◆ **Try it**
The copy should begin at the line containing "Beauty Retro Woman" and end with the last line below, every line exact and no picture included.

Source data below:

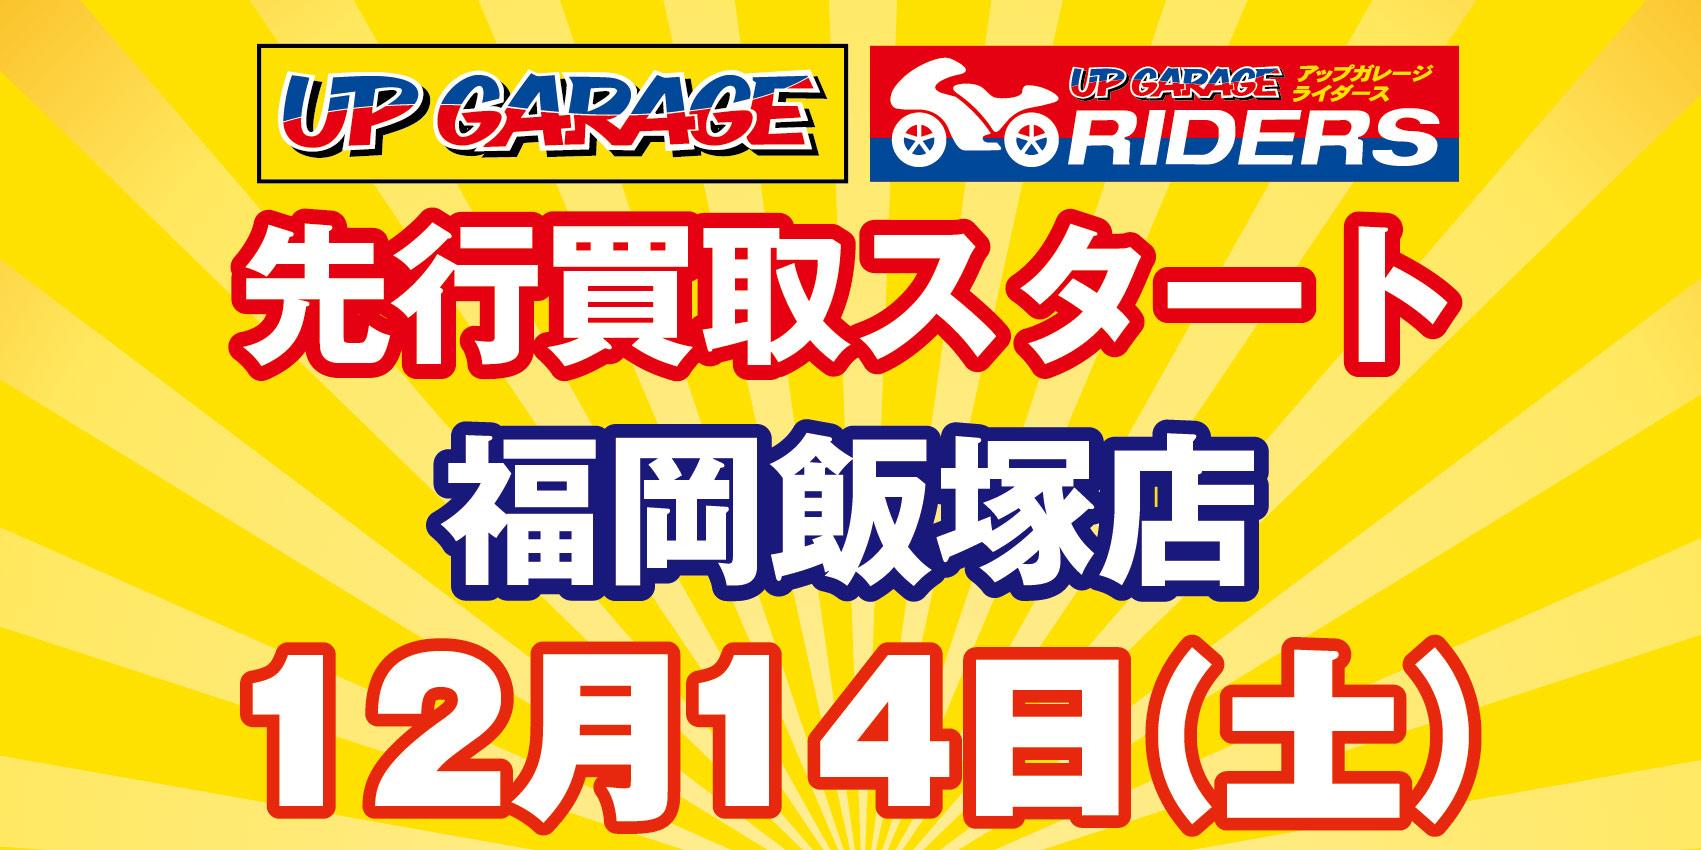 【福岡飯塚店】12月14日(土)先行買取スタート
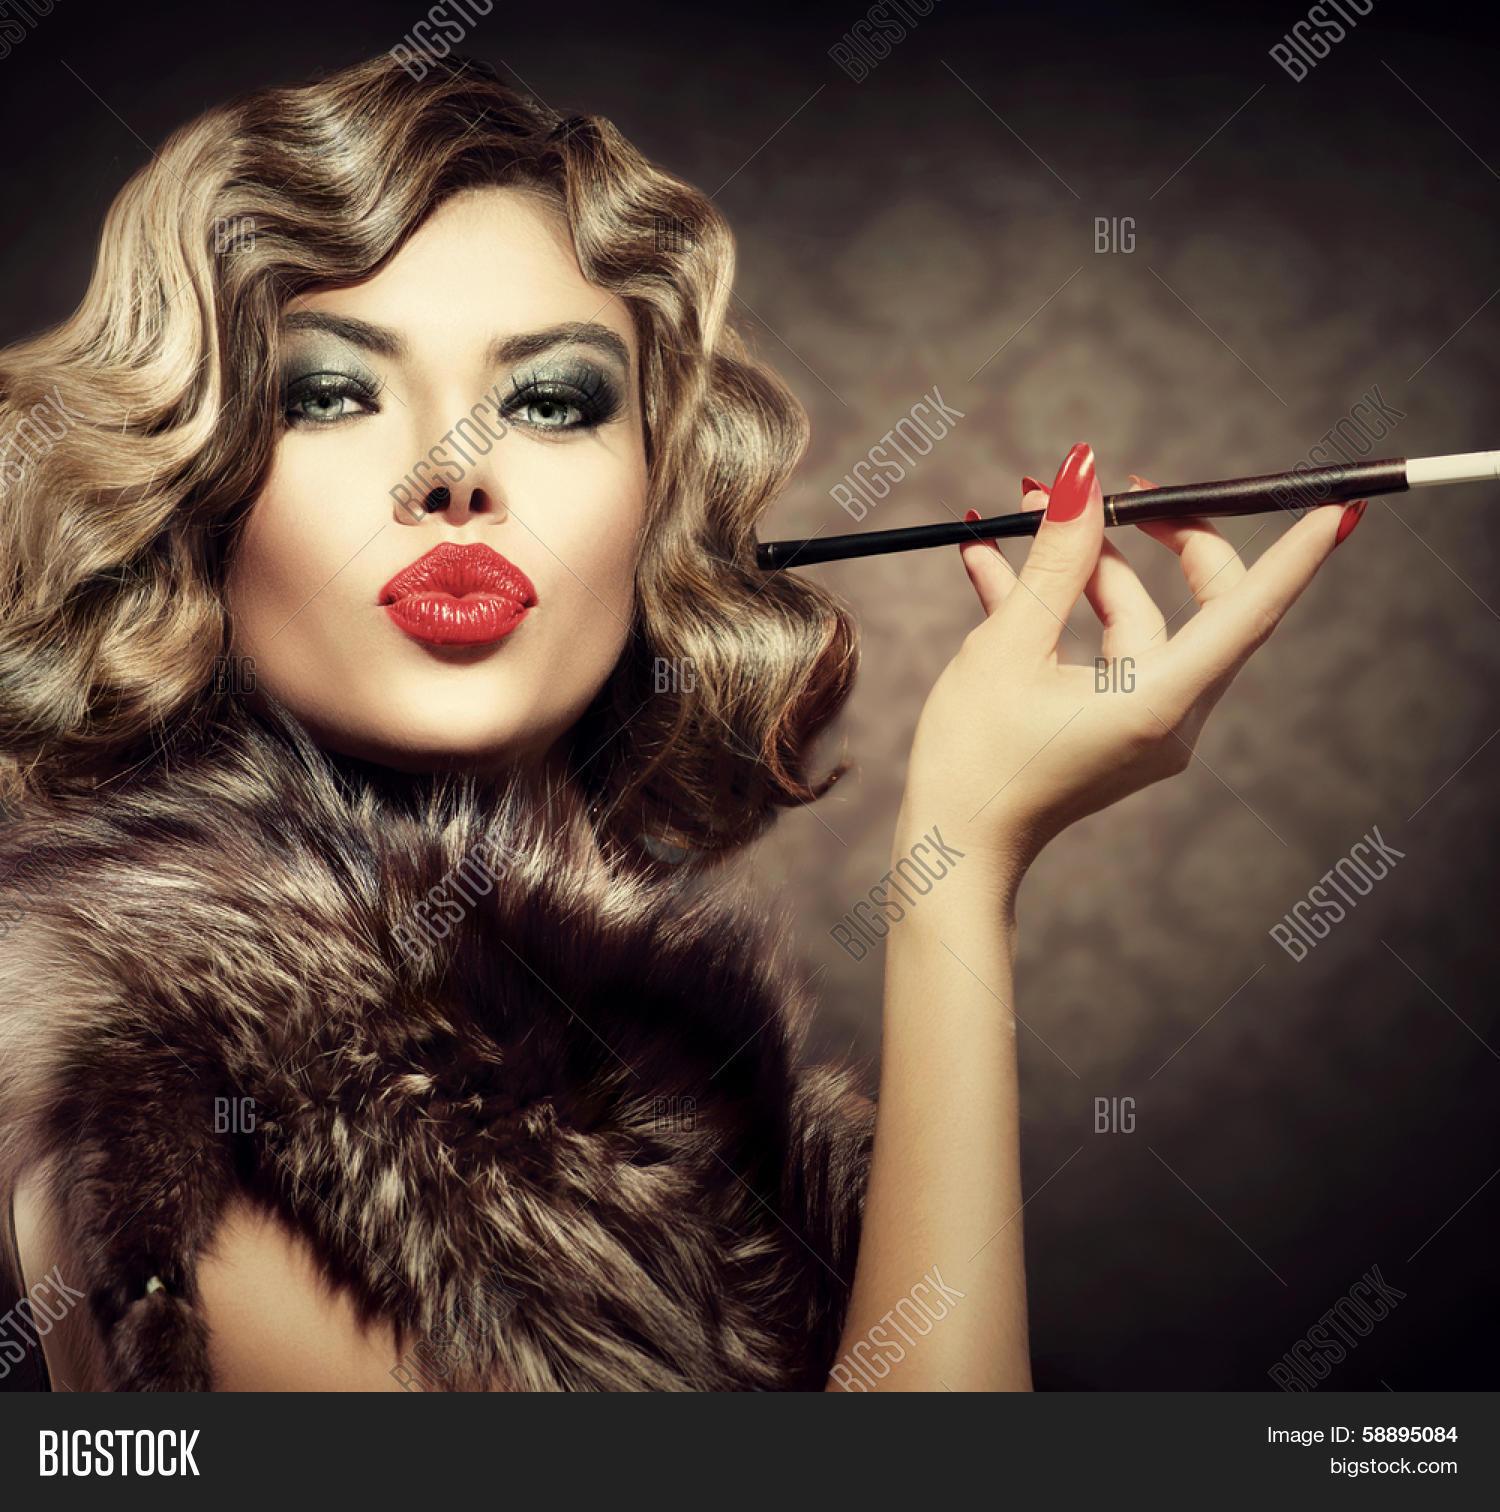 Beauty Retro Woman Mouthpiece. Image & Photo | Bigstock
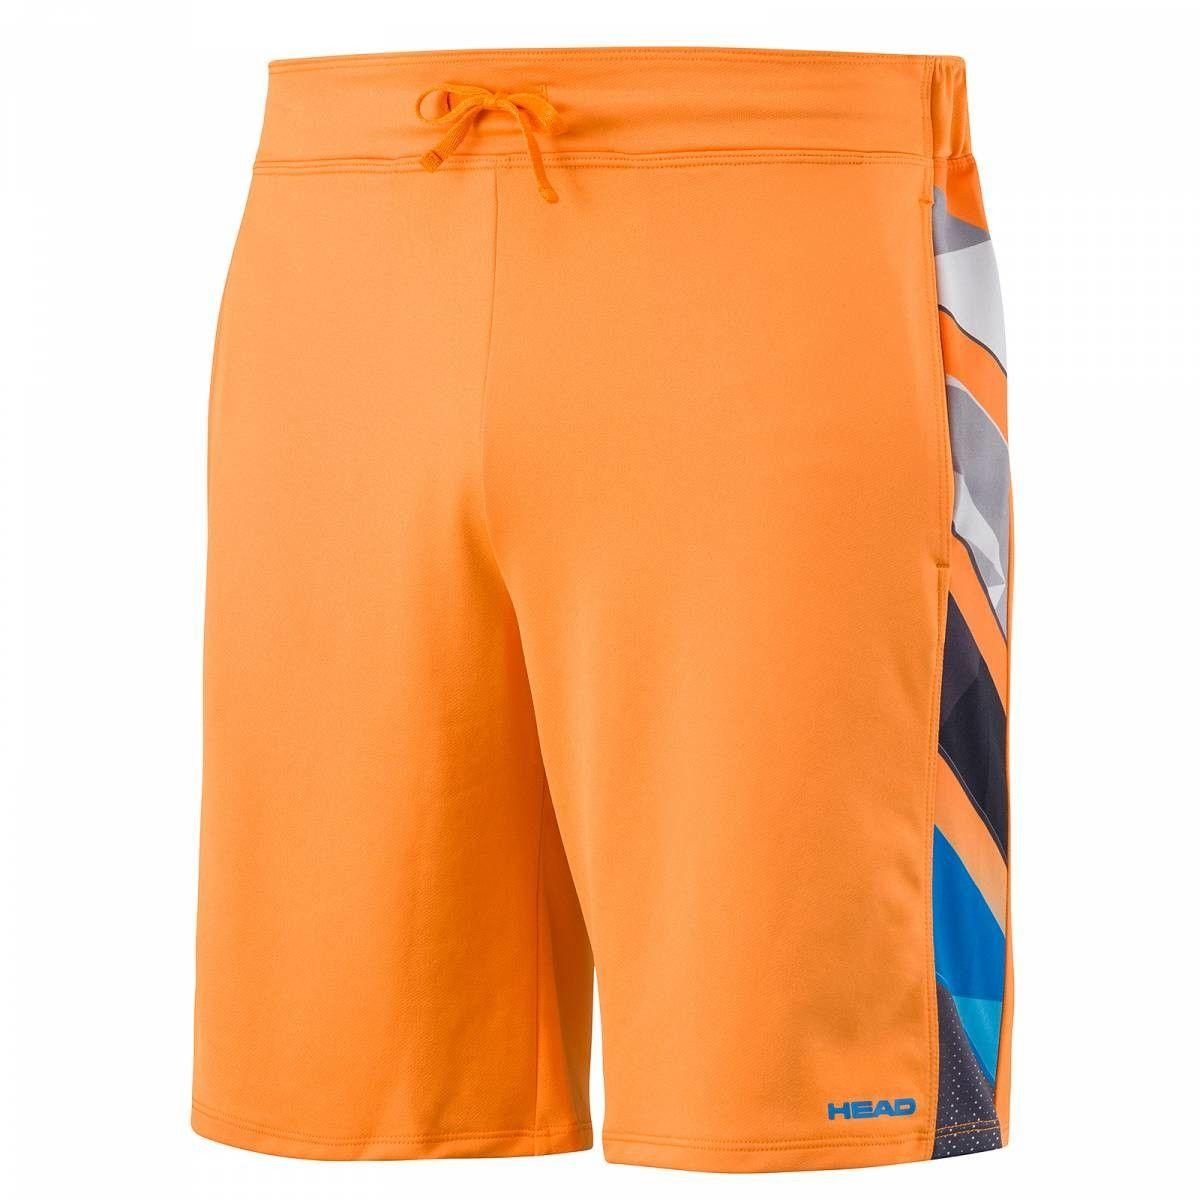 Head Vision Striped Bermuda B - orange

End of Source data.

◆ **Result for this exercise**
 Beauty Retro Woman Mouthpiece. Image & Photo | Bigstock
 Head Vision Striped Bermuda B - orange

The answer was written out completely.